Even in this case, Pritchard was not alone in his thoughts. Other scientists have also come to the conclusion that helminths can benefit their hosts in the most unexpected ways. Researchers from Thailand drew attention to the fact that carriers of giant roundworms are less at risk of cerebral malaria. Helminths do not provide direct protection against plasmodium, as the vaccine does. Rather, they restrain the host’s immune response, preventing the immune firestorm that leads to a predisposition to malignant malaria. (Other researchers have come to the same conclusion, but it is still controversial.)
In Australia, repeated cases of infection of people with the canine crooked head Ancylostoma caninum in the 90s highlighted another important point: only those helminths that have evolved together with humans provide benefits. Helminths that are new to humans can cause serious diseases. In this case, the hookworm that adapted to the dog successfully colonized a person, which indicates the formation of a new species. However, this parasite has settled in a person not very delicately. Unlike human hookworm, canine helminths cause severe inflammation, ulcers and enteritis.

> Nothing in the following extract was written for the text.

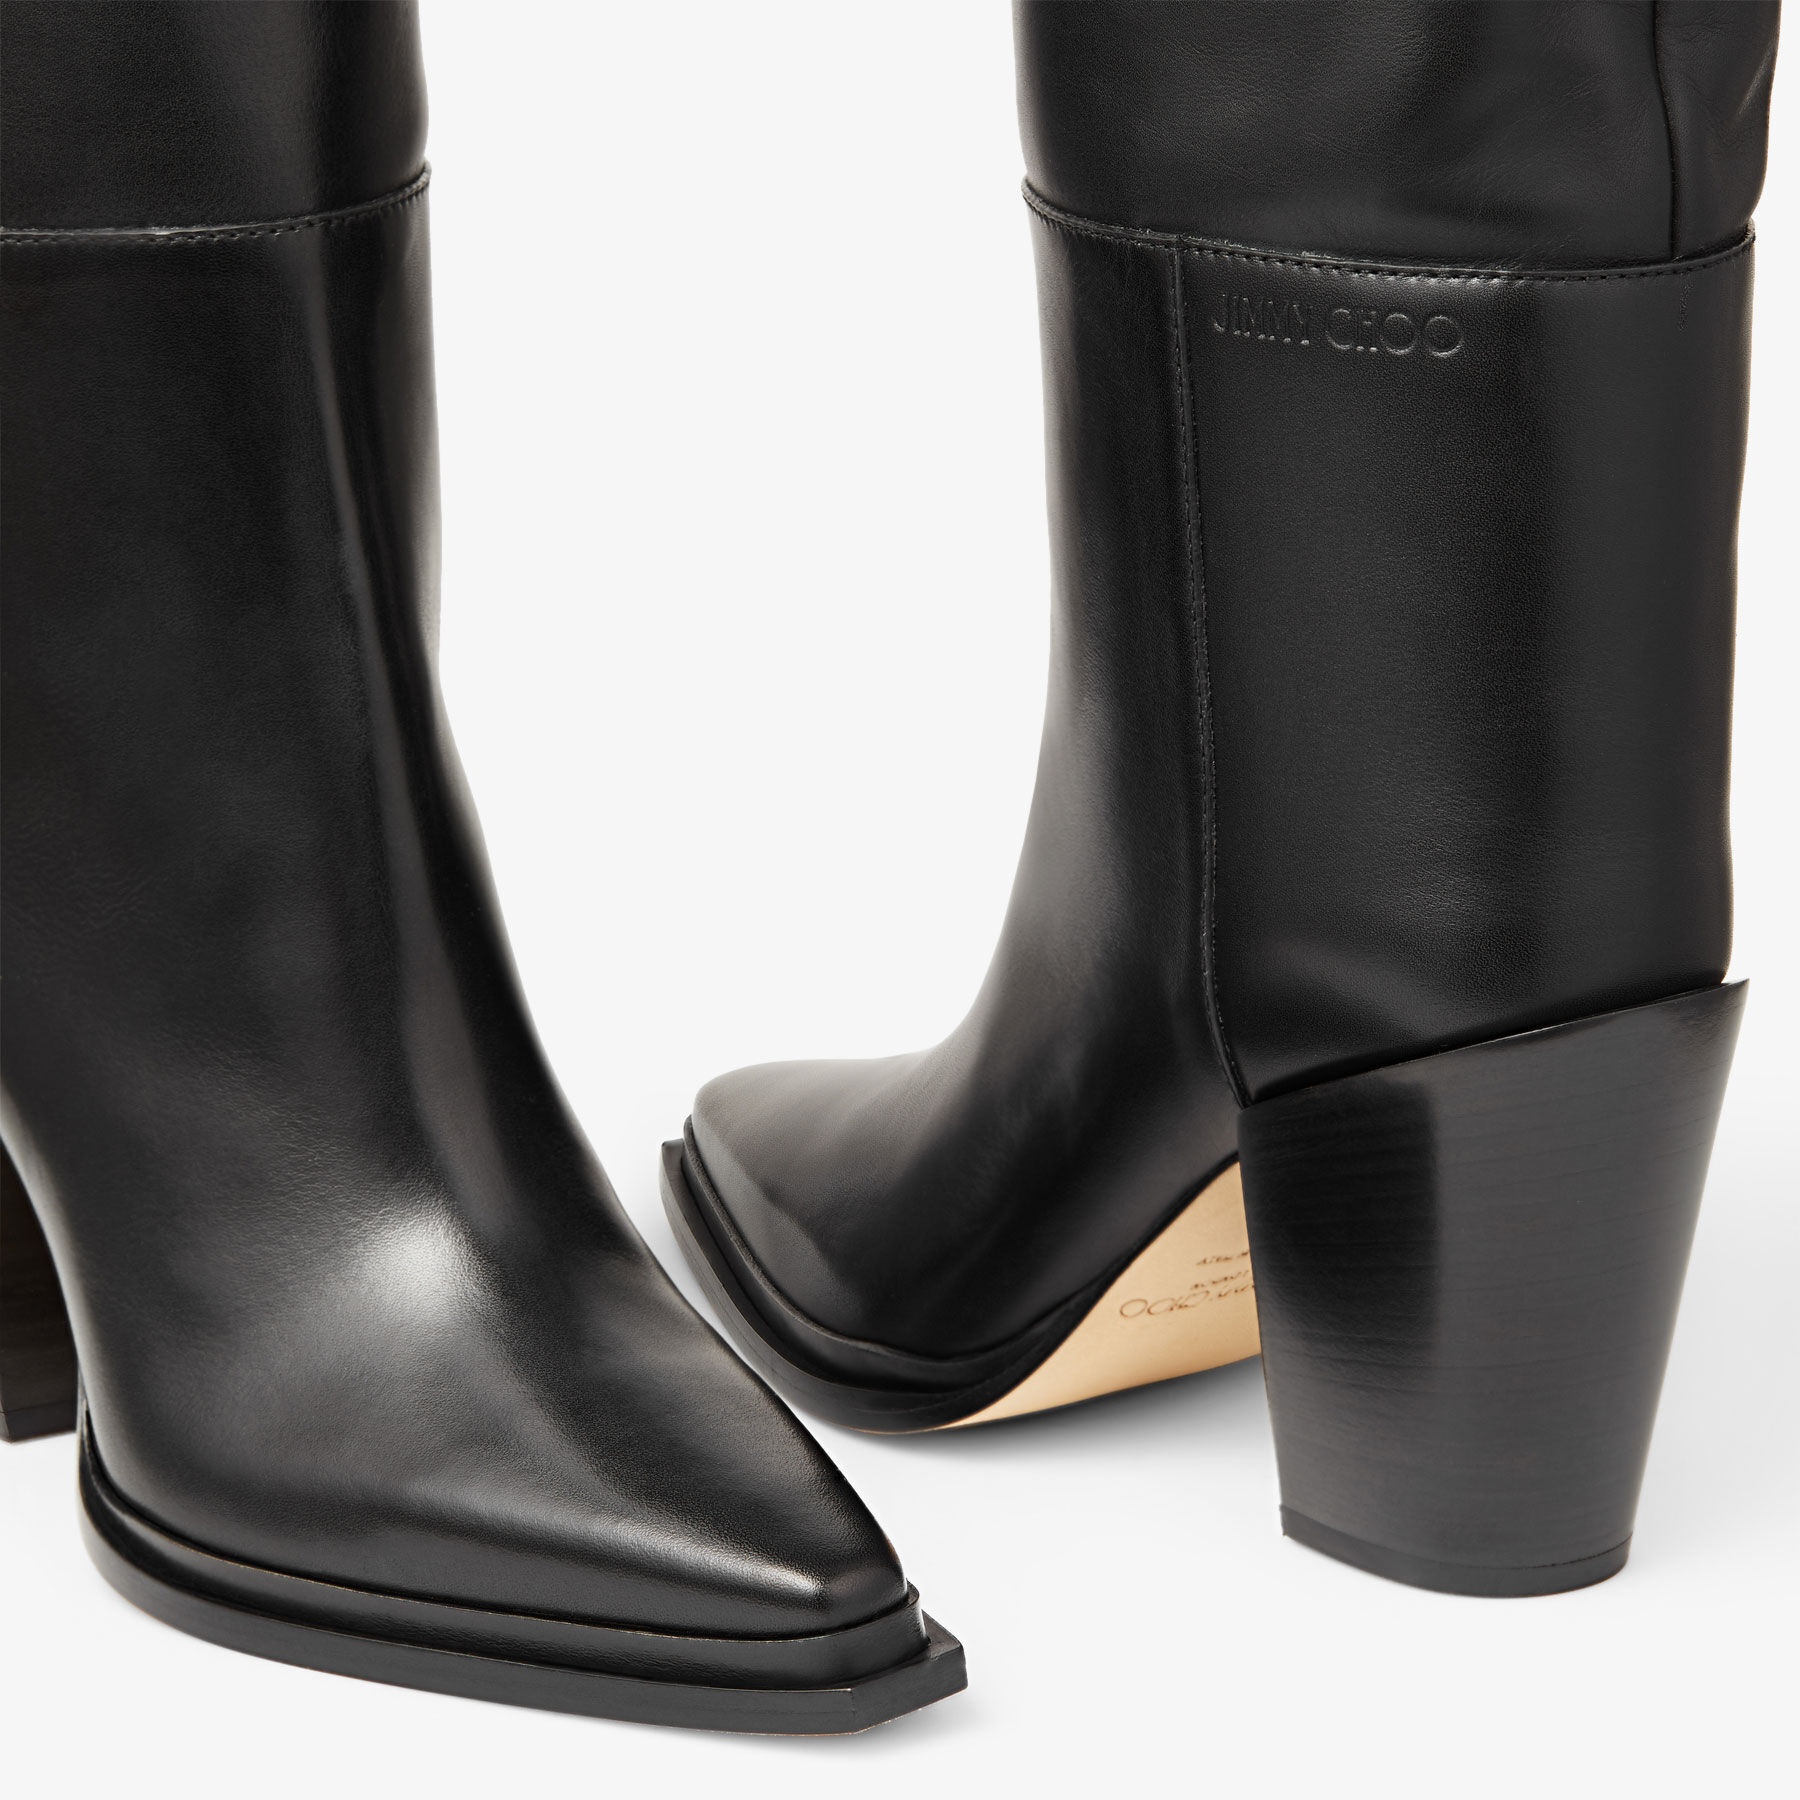 Cece 80
Black Soft Calf Leather Boots - 4

In Japan, outbreaks of anisakidosis caused by helminths from undercooked or raw fish also illustrate this idea. Helminth from the anisakid family (herring worm), which lives in seals and dolphins, can cause serious symptoms and even life-threatening diseases in humans. It is obvious that these parasites do not know how to behave in the human body. All this highlights the fact that N. americanus and other parasites that have adapted to humans are really unique. What can they teach us about how the human immune system works? Can they reveal to us information about the treatment of the epidemic of allergic diseases in developed countries through a secret protein or enzyme?
All these are pressing issues. Meanwhile, in the period from the middle to the end of the 90s, Pritchard had not yet considered the possibility of deliberately infecting a person with N. americanus helminth. However, a number of studies conducted in Africa changed his opinion.